Undoubtedly, this is masterfully done. The tattoo artist did a fabulous job, without question. But … really?! I can’t help but wonder if this man decided to tattoo half of his upper body with this face because of the Batman villain or Heath Ledger. I suppose that question could be asked of the dozens of individuals I found online with this tattoo. Yep, dozens. Nutty. 




Yes, another Batman character, but this one is from the good ole’ Michael Keaton days. What on earth prompted someone to request Catwoman is way beyond my realm of thought – unless she’s the woman on the corner with a bazillion kittens who lives alone and quietly weeps about her life every night – but at least this person chose Michelle Pfeiffer over Halle Berry (don’t argue with me people, we all know old school Catwoman was 10x better than the newer version).




Dwight Schrute

By now, if you’re a regular reader of A MinD in MoTown – so all three of you – you realize my slight disdain love for The Office, thus I simply had to comment on this colorful tattoo. I can admit it’s very well done – kudos to the artist – but Dwight is, well, a moron.

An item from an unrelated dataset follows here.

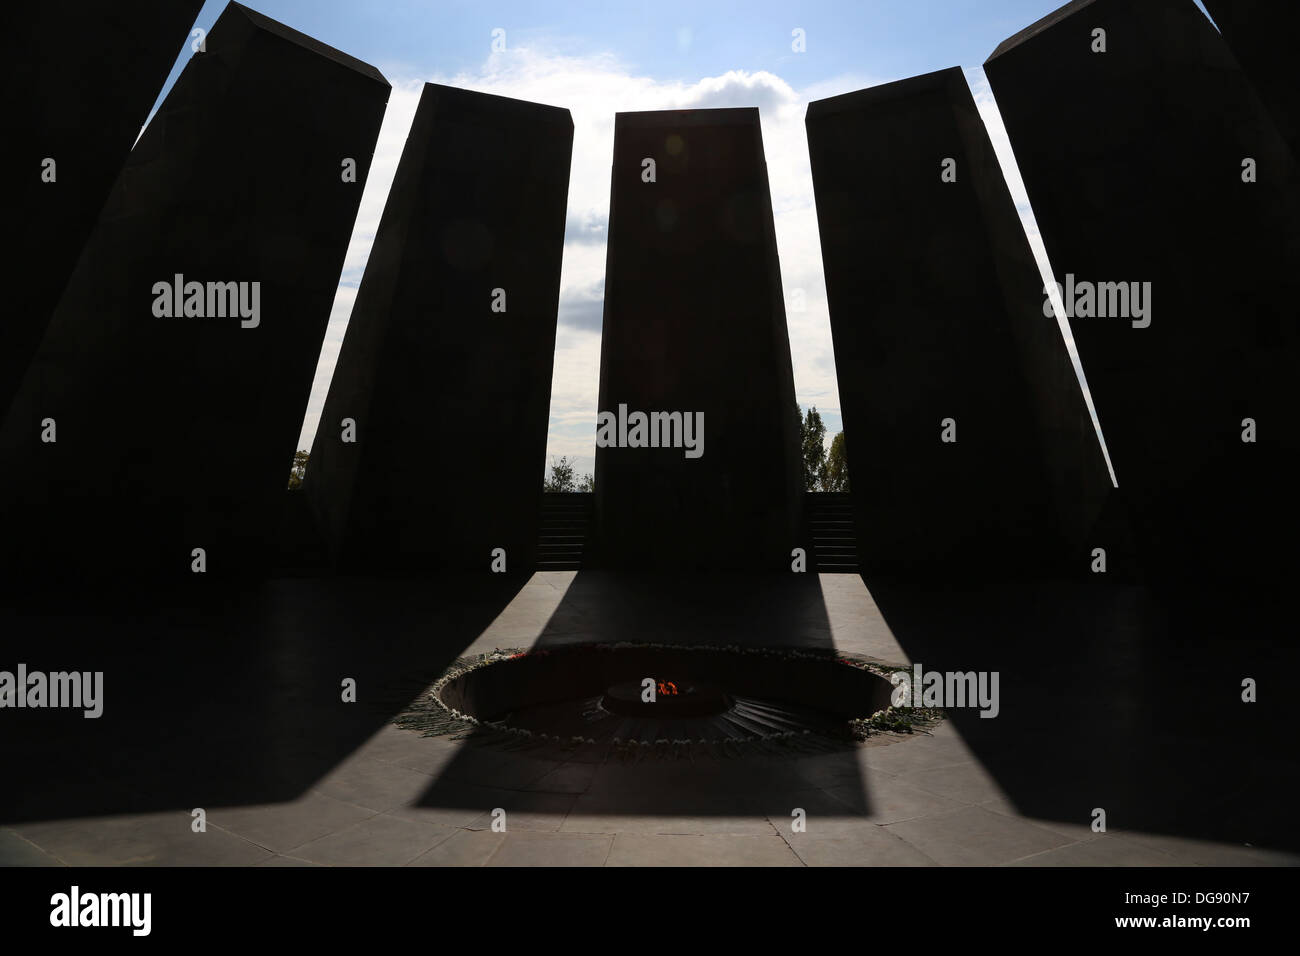 Armenia, genocide memorial, Yerevan - Stock Image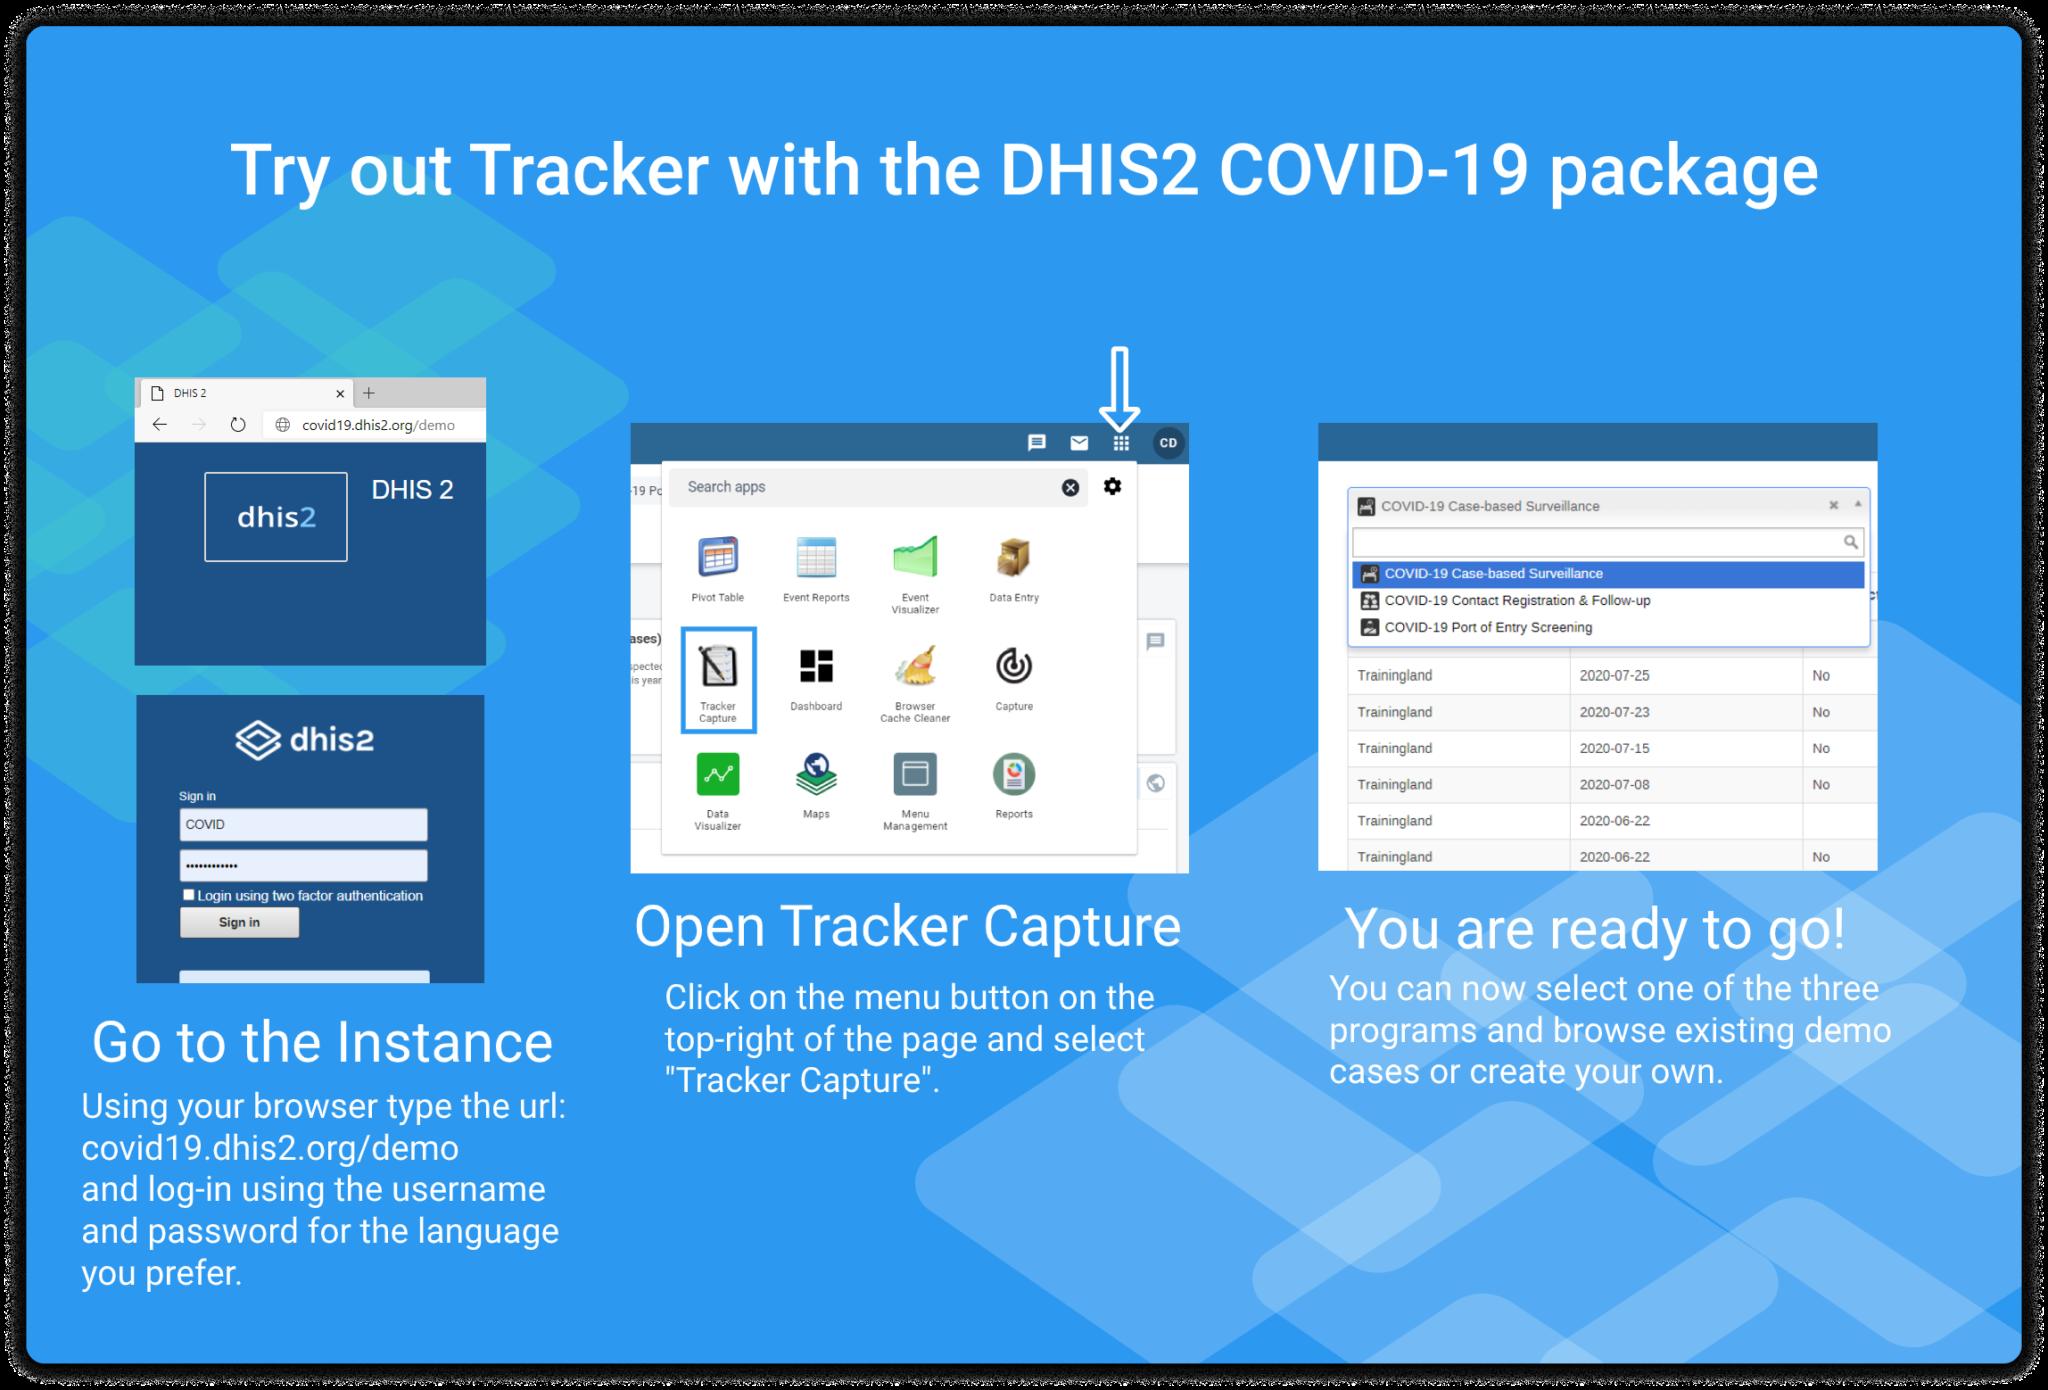 Tracker Demo Covid Instructions

I may not be a fan of the show, yet I’ve watched enough to realize this tidbit and the reasoning behind anyone choosing this portrayal as a permanent bodily emblem is far outside any comprehension whatsoever.



There are so many more tattoos I could share with you – someone’s “Bills” (that’d be Murray and Cosby), the Gerber Baby, way too many Eddie Munsters, some Mr. Bean, the ink-version of Scarlett Johansson, a bottle of Heinz 57 ketchupNapoleon Dynamite, Corey Feldman (why oh why!?), and one titled “Einstein Jesus” – but that’s simply going to take far more time and effort than I’m willing to put forward at the moment (so click the links).

…Did I mention the full-back advertisement for The Shawshank Redemption? No? Oops.

I suppose these tattoos truly prove the options are endless when permanently etching an image onto your skin. And while these were all created with amazing accuracy and detail – no lie, almost all of them are rather beautiful – I still cannot help but ask “why?” for each. I just hope the proud owner’s of these works of art aren’t banging their heads against the wall, questioning their own motives 50 years from now when armpiece Rodney Dangerfield has even more wrinkles.